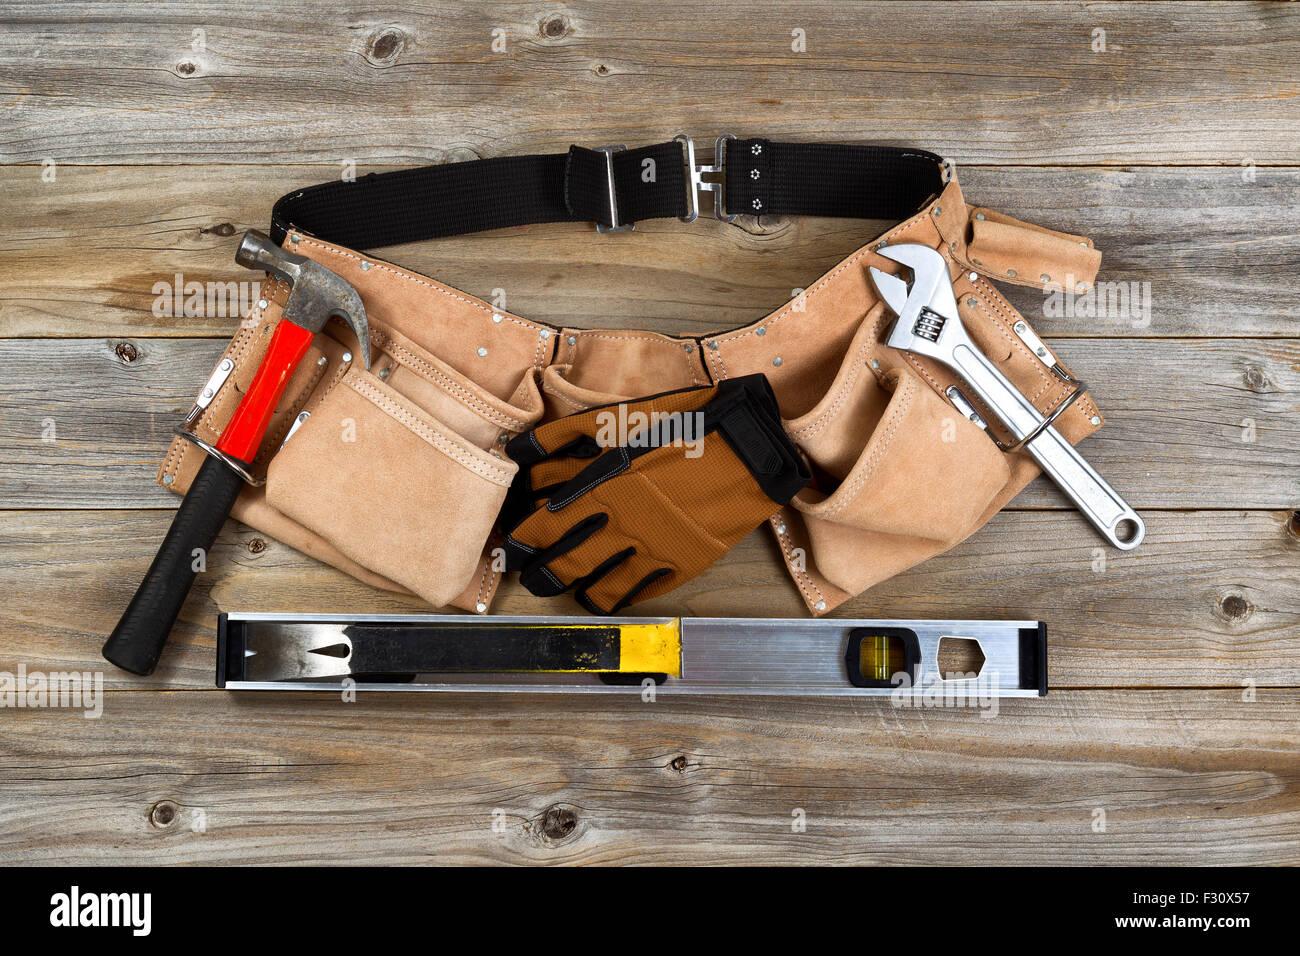 Cuero tradicional cinturón de herramientas con herramientas en suelo  rústico de madera. Imagen De Stock f066a6242987
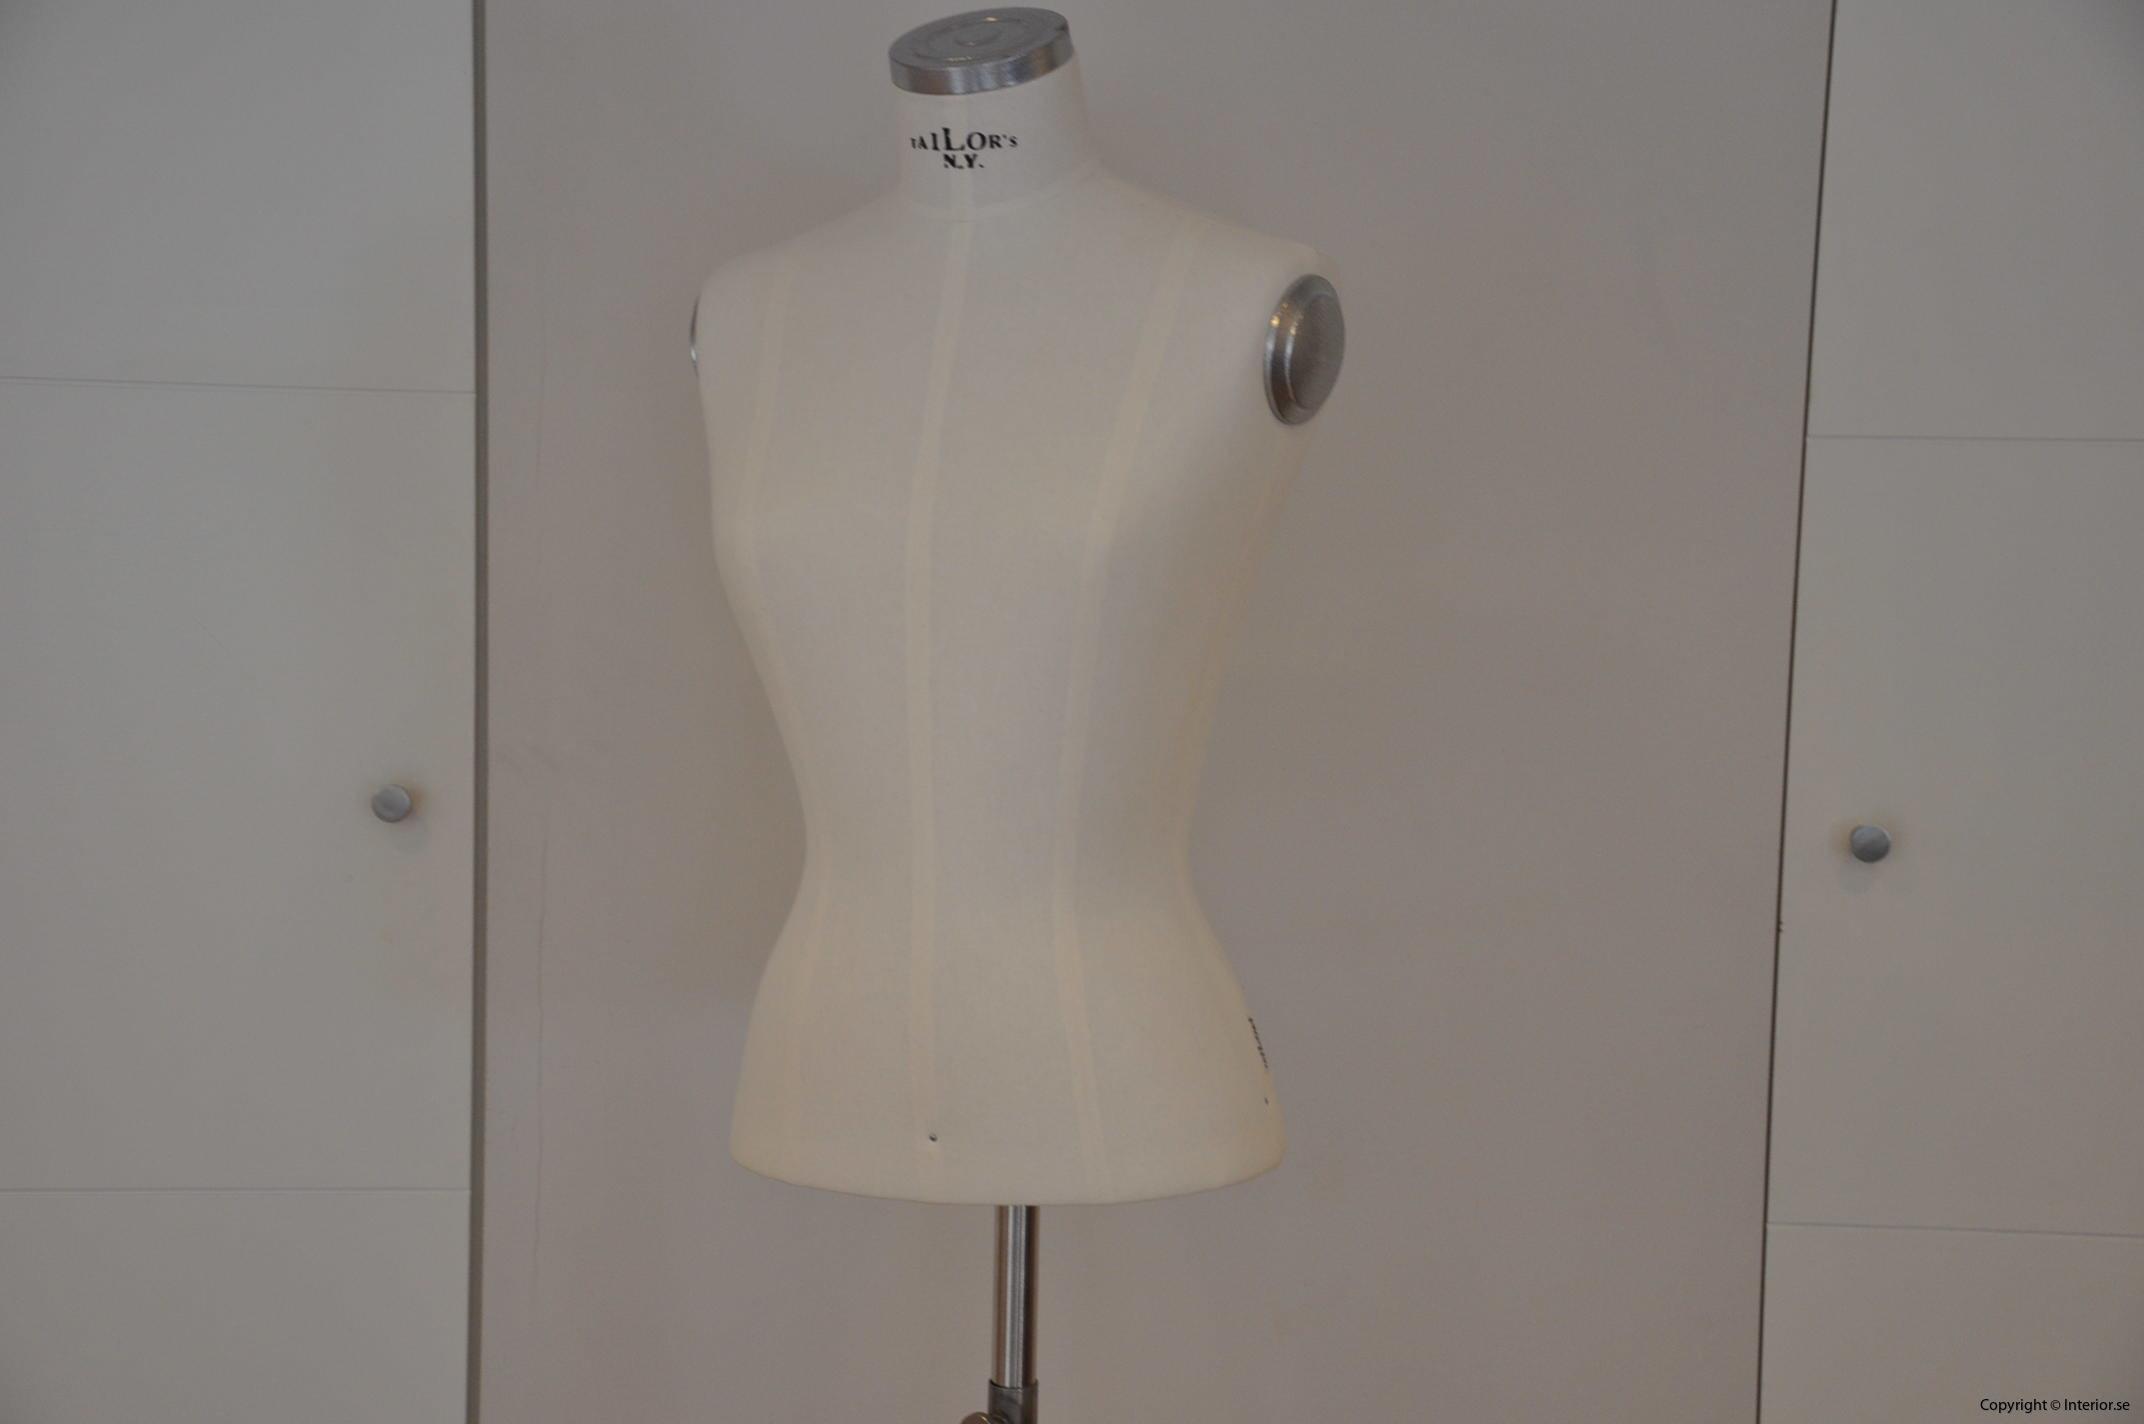 mindre skyltdocka TAILOR'S ny tailor ny tailors ny mannequins begagnad (2)
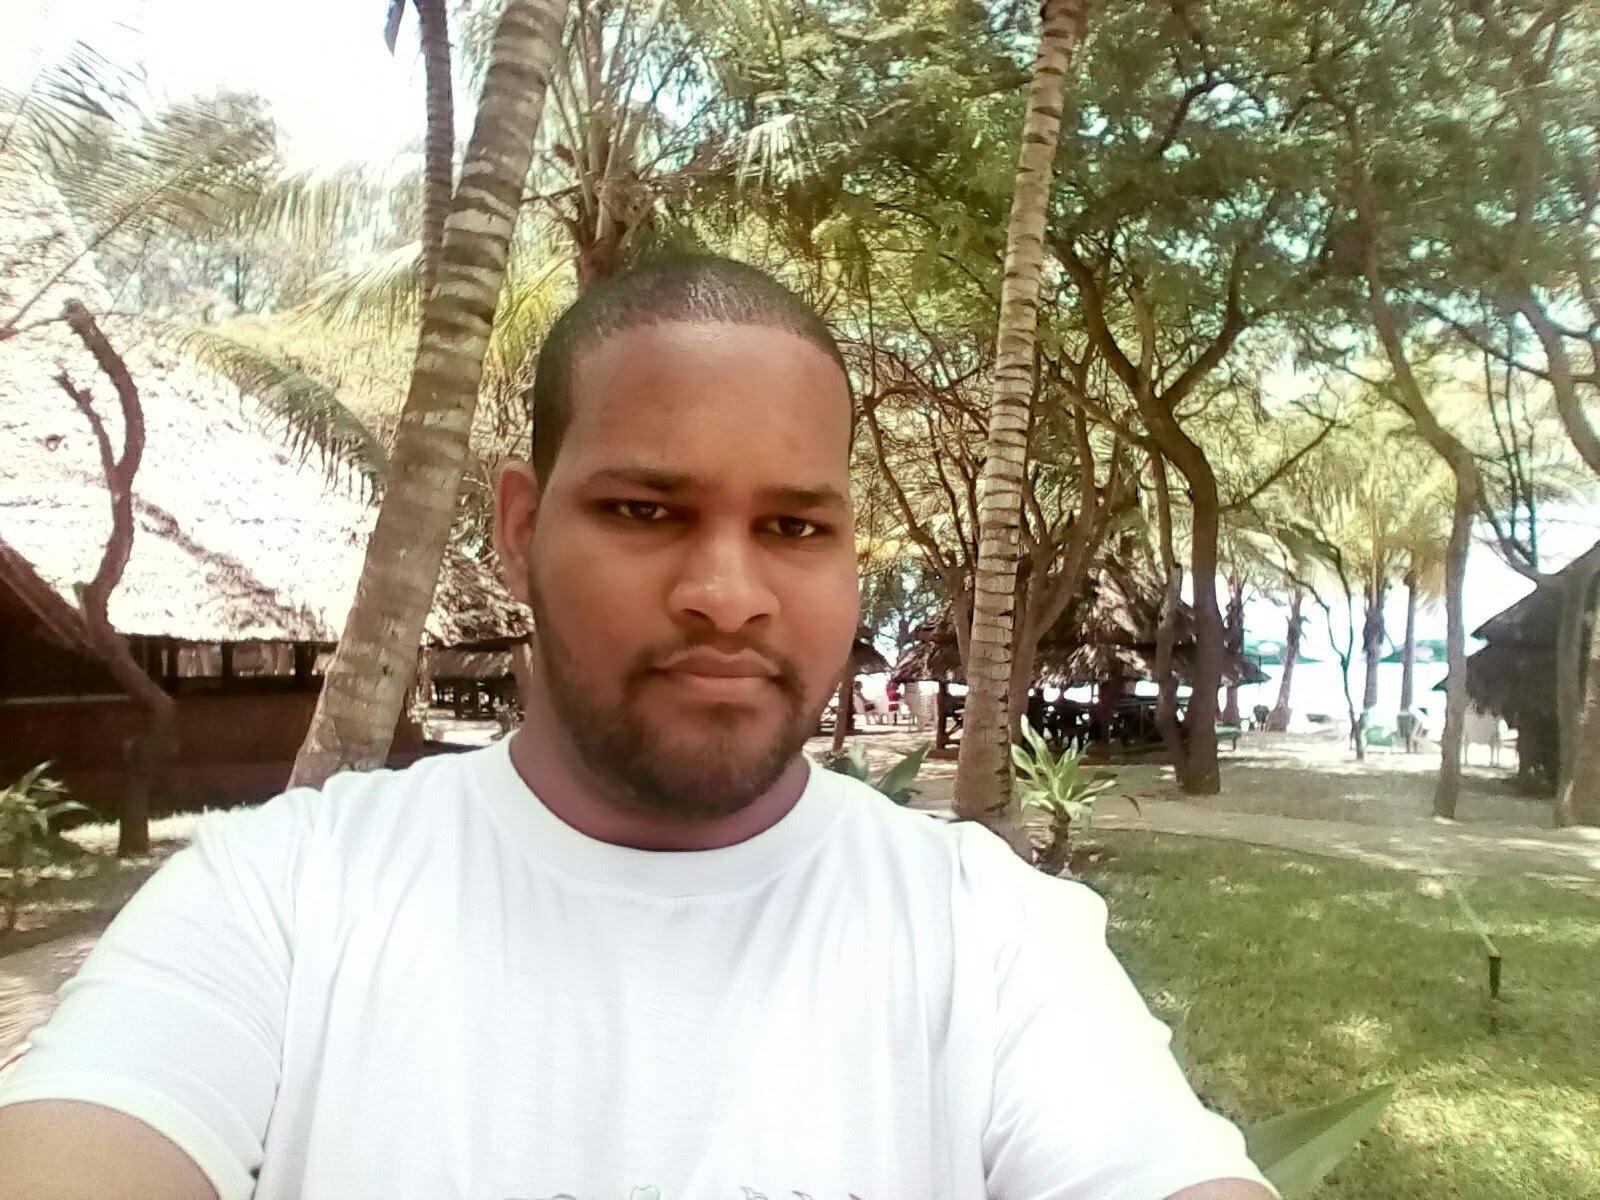 Interview: Abraham Samma, Creator of Oneplaybook Talks TiddlyWiki

• _WHAT YOU WILL DO_
Copy the data above word for word. Pictures stay out.

• _OUTPUT FOR THIS EXERCISE_
 Cuero tradicional cinturón de herramientas con herramientas en suelo  rústico de madera. Imagen De Stock f066a6242987
 mindre skyltdocka TAILOR'S ny tailor ny tailors ny mannequins begagnad (2)
 Interview: Abraham Samma, Creator of Oneplaybook Talks TiddlyWiki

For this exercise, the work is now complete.